The half at that moment was busy punting, and the Babe repeated his advice. Two minutes afterwards the half took it, as an exceptional opportunity presented itself, and passed to his centre three-quarters, and the Babe stood on his chair. Centre ran a short way and passed to the left, who passed back to centre, and centre to right. It was as pretty a piece of passing as one would wish to see on a winter’s day.

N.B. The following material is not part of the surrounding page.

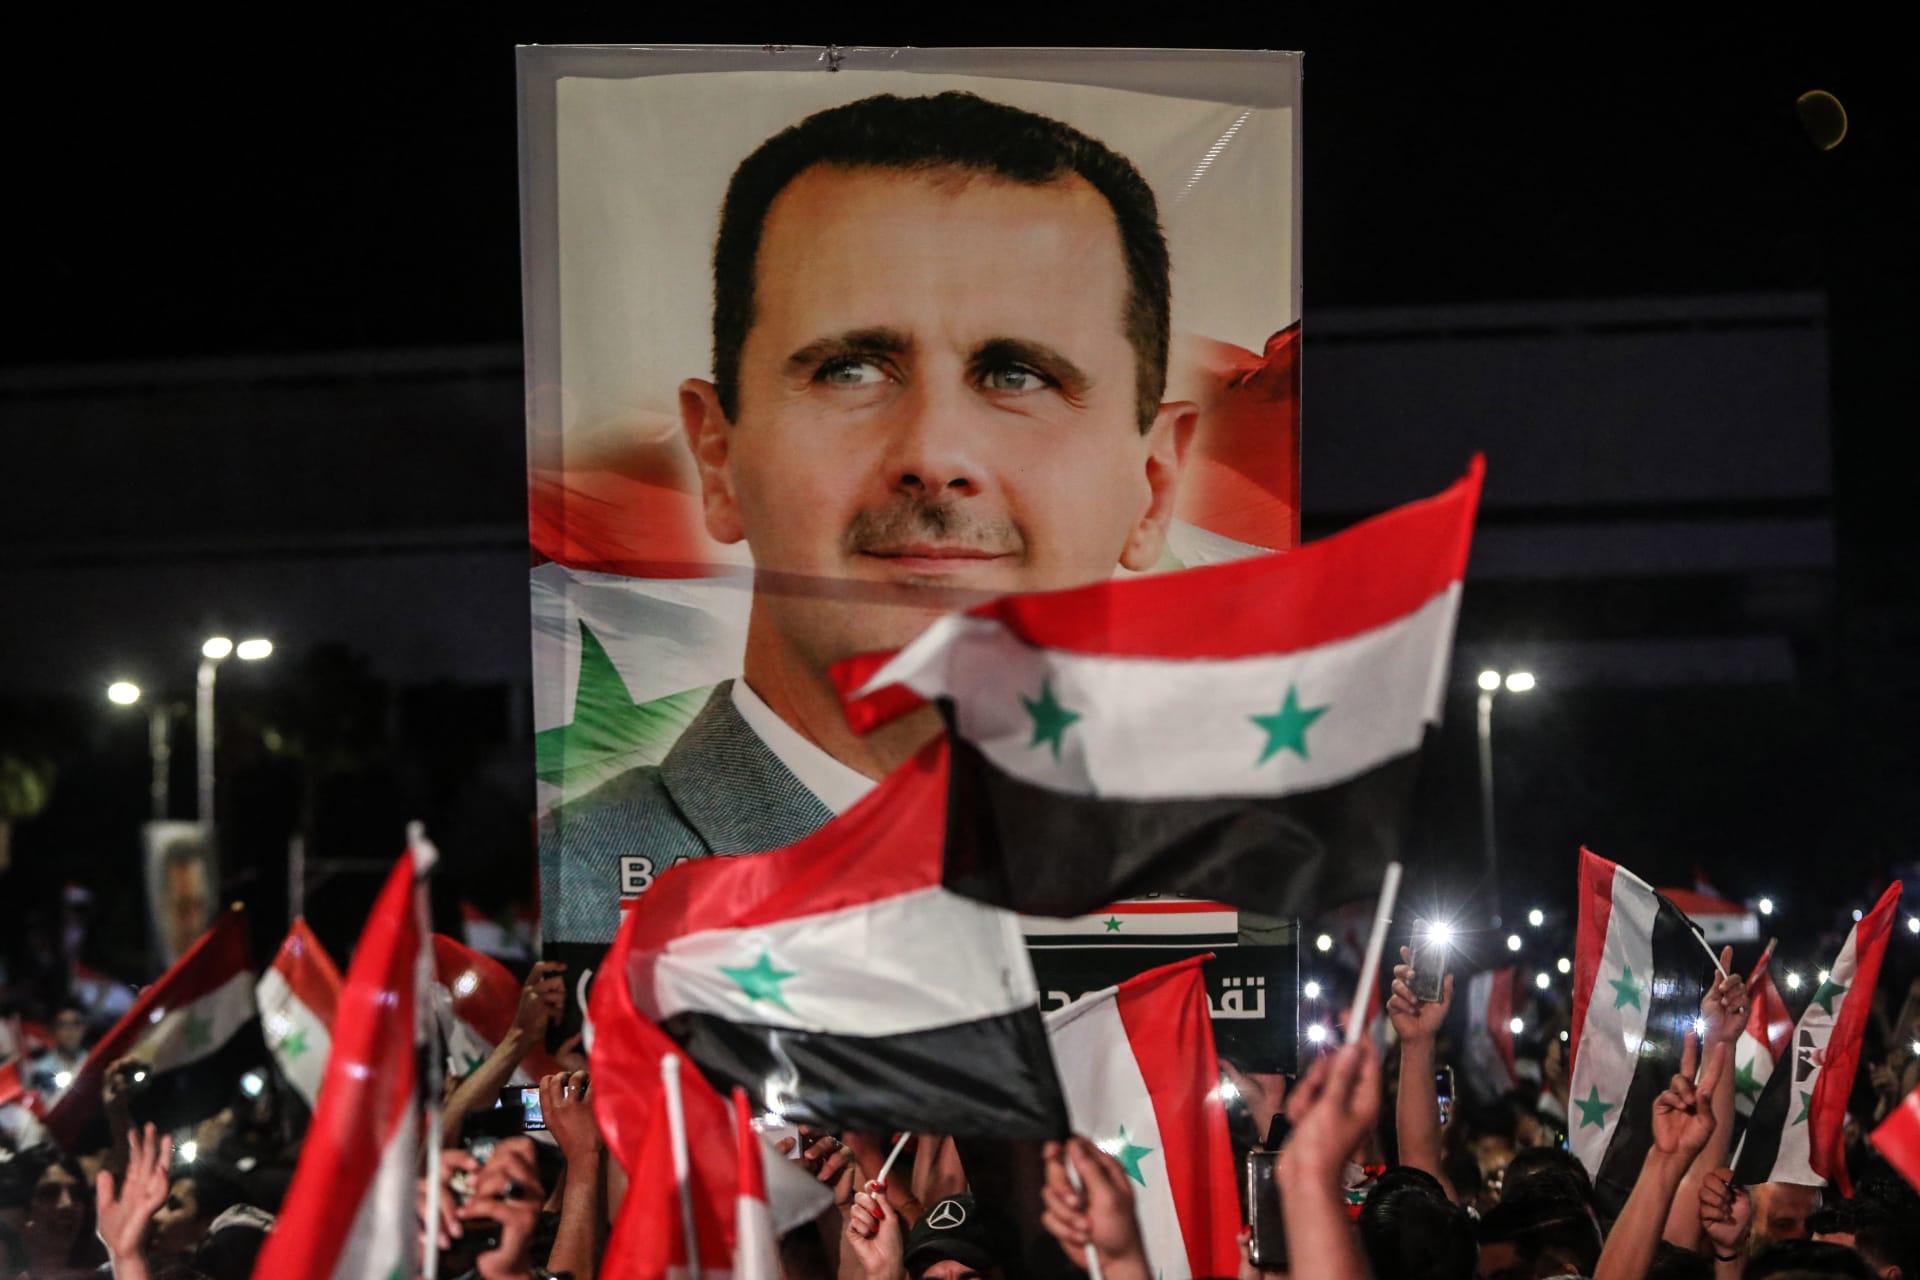 سوريون يلوحون بالأعلام الوطنية ويحملون صورة كبيرة بلرئيس بشار الأسد وهم يحتفلون في شوارع العاصمة دمشق، بعد يوم من الانتخابات

This was the moment for which the Babe was waiting. The field was broken up and Hargreaves had the ball. He ran: they all ran. He ran fastest—there is nothing like simple language for epical events. He got a try which was not converted into a goal. But as no other points were scored, Cambridge won the match by one point to nil.
The Babe and Mr. Sykes went back to take their tea with Reggie, and Ealing who had been playing the Eton game, joined them. The Babe ate three muffins with a rapt air, and Mr. Sykes drank his tea out of the slop-basin like a Christian. He took cream and three lumps of sugar. His idea of how to eat muffins was a little sketchy, but otherwise be behaved charmingly. But, as the Babe said, to put pieces of half-masticated muffin on the carpet while you drink your tea, is a thing seldom, if ever, done in the best houses.
Ealing himself eschewed muffin on the ground of its being “bad training,” and the Babe, who held peculiar views on training, proceeded to express them.
“One does every thing best,” he said, “when one is most content. Personally I am most content when I have eaten a large lunch. Nobody could play Rugger in the morning. Why? Simply because no one is in a good temper in the morning, except those under-vitalised people who are never in a bad one, and who also never play games. Of course after a very large lunch one cannot run quite so fast, but one is serene, and serenity has much more to do with winning a match than pace. Yes, another cup of tea, please. Now Hargreaves is most content when he has had a little bread and marmalade and water. Every one to his taste. I hate water except when it’s a hot bath. Water is meant not to drink, but to heat and wash in.”
“Babe, do you mean to say you have hot baths in the morning?”
“Invariably when the weather is cold, and a cigarette, whatever the weather is. I am no Charles Kingsley, though I used to collect butterflies when I was a child.”
“But when you became a Babe, you put away childish things,” suggested Ealing.
A malignant light beamed from the Babe’s eye.
“I ask you: do Babes have bull-pups?”